Dangerous Liouville Wave -- exactly marginal but non-conformal deformation

TL;DR

The paper constructs a two‑dimensional quantum field theory that is scale‑invariant but non‑conformal by coupling Liouville theory to free scalars with an exactly marginal perturbation. It shows that quantum Schwinger‑Dyson analysis yields nonzero contributions to the trace of the energy‑momentum tensor, violating conformal invariance, while preserving scale invariance to all orders. The authors leverage Zamolodchikov’s higher equations of motion and careful limits to establish the presence of contact terms that break holomorphicity of the energy‑momentum tensor. They discuss implications for string worldsheet conformal anomaly and the potential hazards of such deformations in super‑critical string backgrounds.

Abstract

We give a non-trivially interacting field theory example of scale invariant but non-conformal field theory.

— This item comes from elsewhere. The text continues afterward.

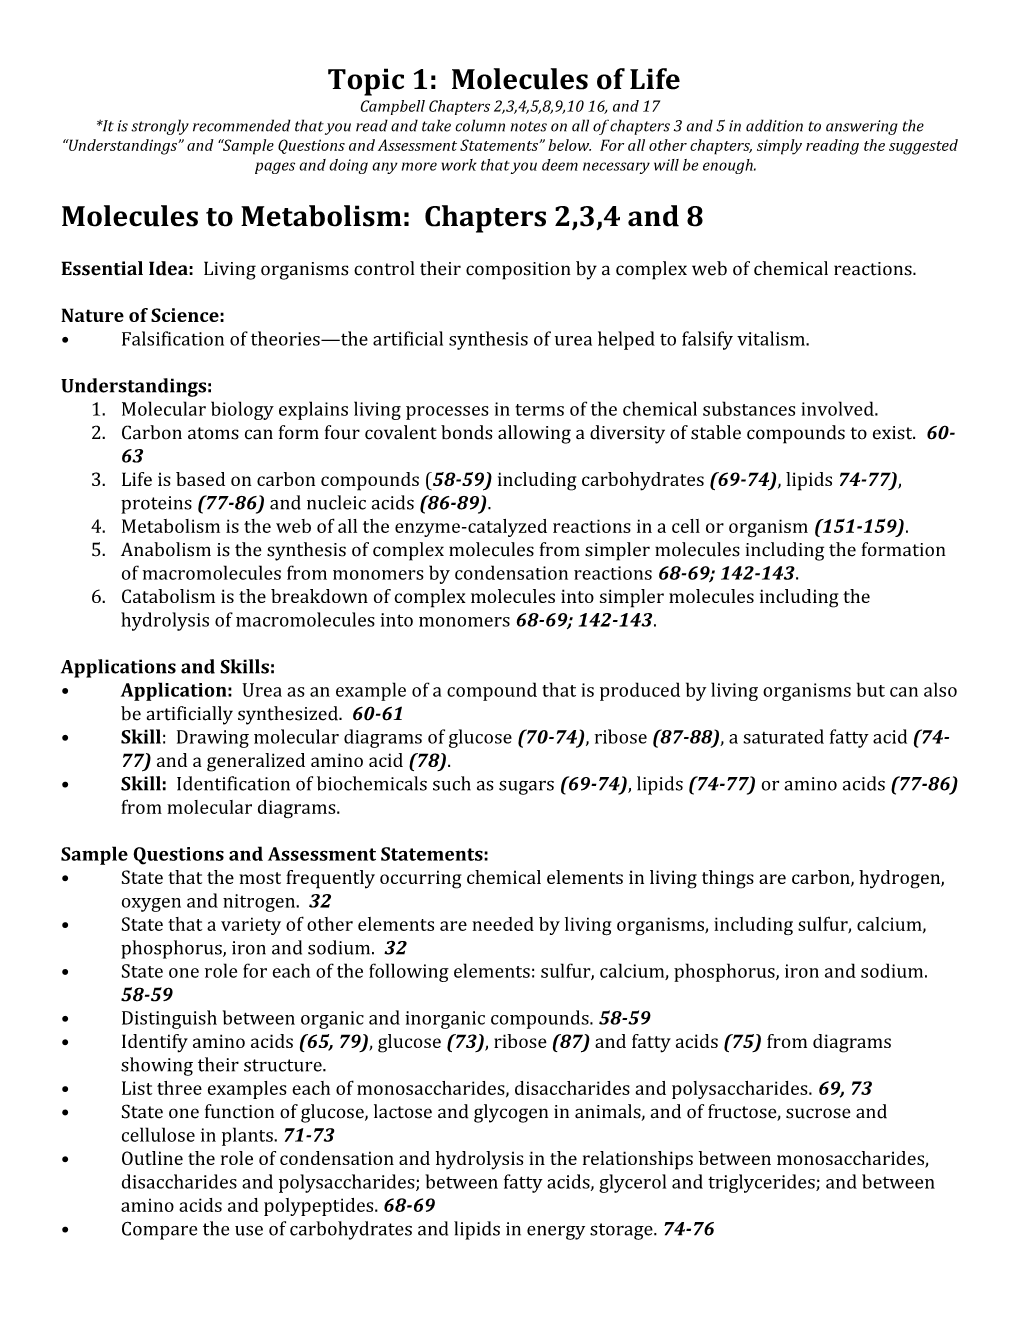 Molecules to Metabolism: Chapters 2,3,4 and 8

The model is based on the exactly solvable Liouville field theory coupled with free scalars deformed by an exactly marginal operator. We show non-vanishing of the trace of the energy-momentum tensor by using the quantum Schwinger-Dyson equation for the Liouville field theory, which is a sophistication of the quantum higher equations of motion for the Liouville field theory introduced by Alyosha Zamolodchikov. Possibly dangerous implications for the super-critical string theory will be discussed.